9.1.18

BOOK REVIEW: Everything is Lies by Helen Callaghan

No-one is who you think they are. 
Sophia's parents lead quiet, unremarkable lives. At least that is what she's always believed.
Everyone has secrets.
Until the day she arrives at her childhood home to find a house ringing with silence. Her mother is hanging from a tree. Her father is lying in a pool of his own blood, near to death.
Especially those closest to you. 
The police are convinced it is an attempted murder-suicide. But Sophia is sure that the woman who brought her up isn't a killer. As her father is too ill to talk it is up to Sophia to clear her mother's name. And to do this she needs to delve deep into her family's past- a past full of dark secrets she never suspected were there.

Publisher: Penguin
Pages: 400
Publication Date: 22nd February 2018

Wow, I completely loved this book! At 400 pages it's quite long but I read it in just under two days as I couldn't put it down; I was hooked from the very beginning.
I very much enjoyed Helen Callaghan's book Dear Amy but in my opinion Everything is Lies is even better.
Sophia returns home after a fraught telephone call from her mother. When she gets home the house is weirdly quiet and she finds her mother hanging from a tree in the garden and her father wounded but alive next to her. Sophia can't quite believe what is happening, her parents Nina and Jared are quiet, unassuming people who run a small cafe and nursery business. They would not be involved in a murder-suicide pact as the police are suggesting. With Jared in hospital and unable to speak, Sophia must seek the truth. She is led to some notebooks of her mother's but she is in no way
prepared for the contents. Her mother writes of a cult that she was part of in the 80's, an enigmatic leader called Aaron Kessler and a murder. Nina was convinced these people wanted to silence her; is Sophia's mother completely mad and making all these events up or has all of Sophia's past been a lie?
Helen Callaghan has written a tense, psychological thriller. The book flits between Sophia's present situation and her mother's life in 1989 where it seems she became caught up in a cult led by Aaron Kessler who she met at university.

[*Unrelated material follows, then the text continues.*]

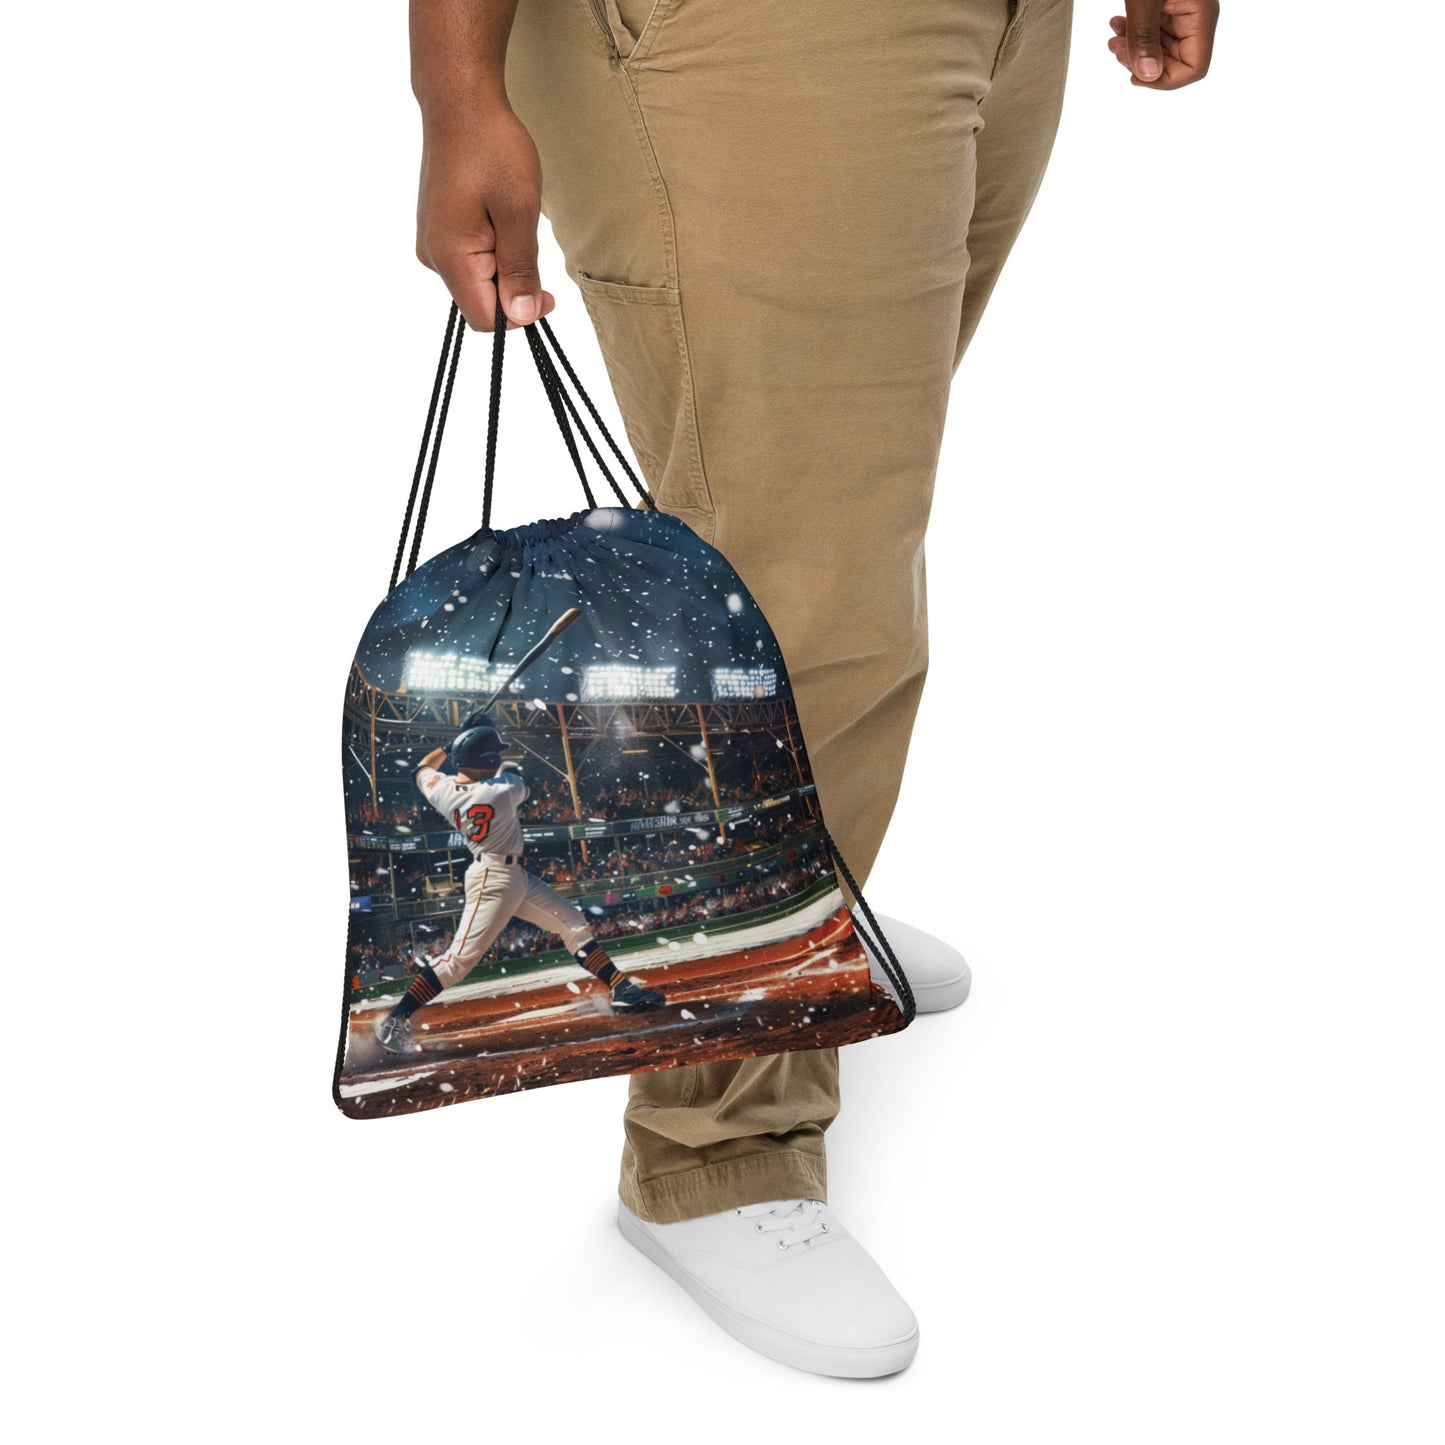 Home Run Drawstring bag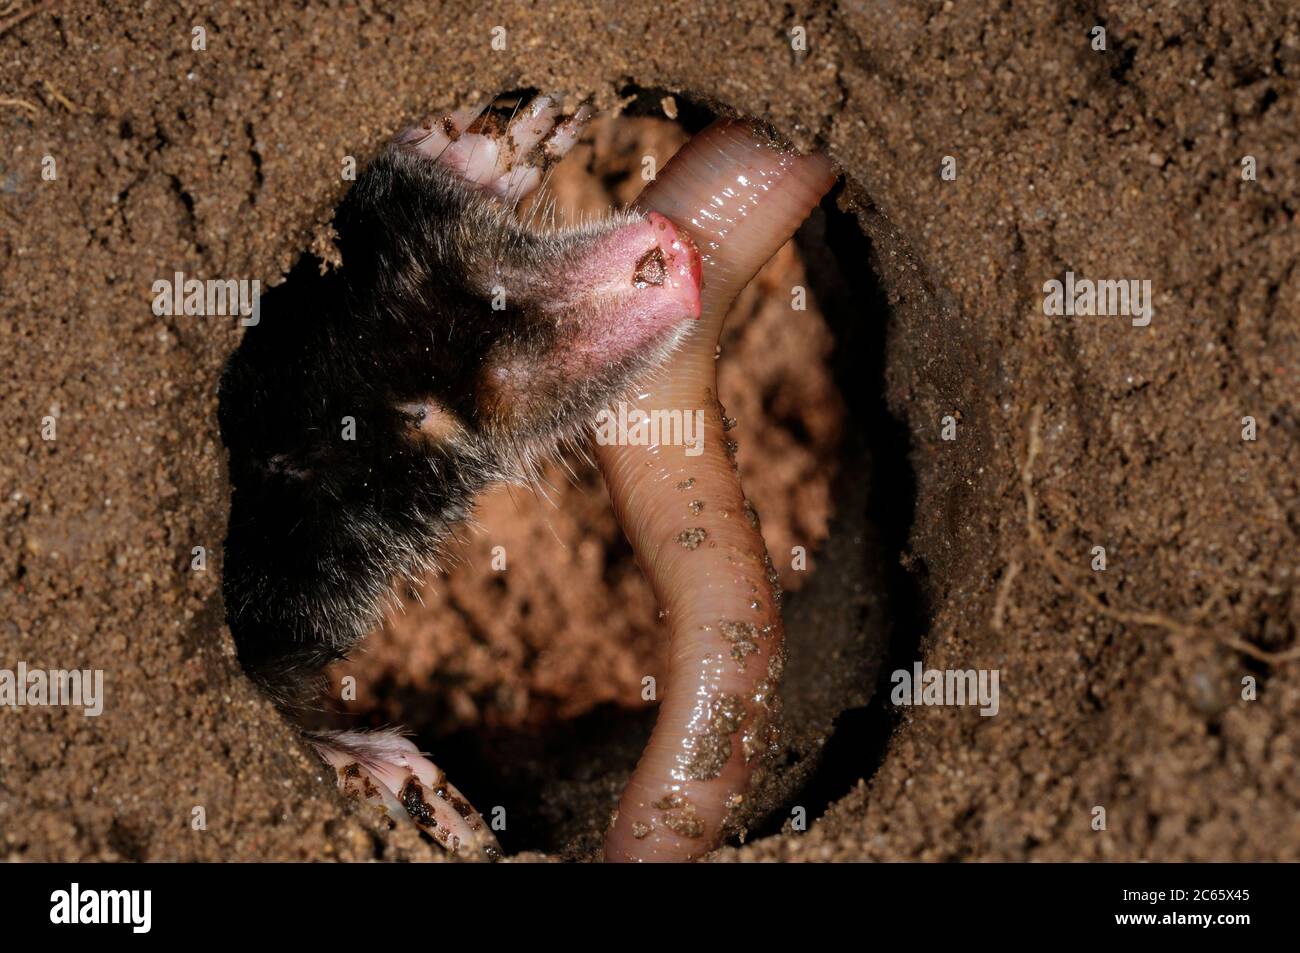 European Mole (Talpa europaea) has caught a worm in its subterranean burrow, Kiel, Germany Stock Photo

I was so intrigued by Kessler- I could totally see how Nina was taken in by him. The chapters taken from Nina's notebooks were my favourite, it was so interesting to see how Nina was drawn into this group of people she barely knew.
Everything is Lies was a fascinating read, the pace and plotting were both excellent and I think it is a book that will get many people talking.

Many thanks to Penguin for sending me a copy of this book to review.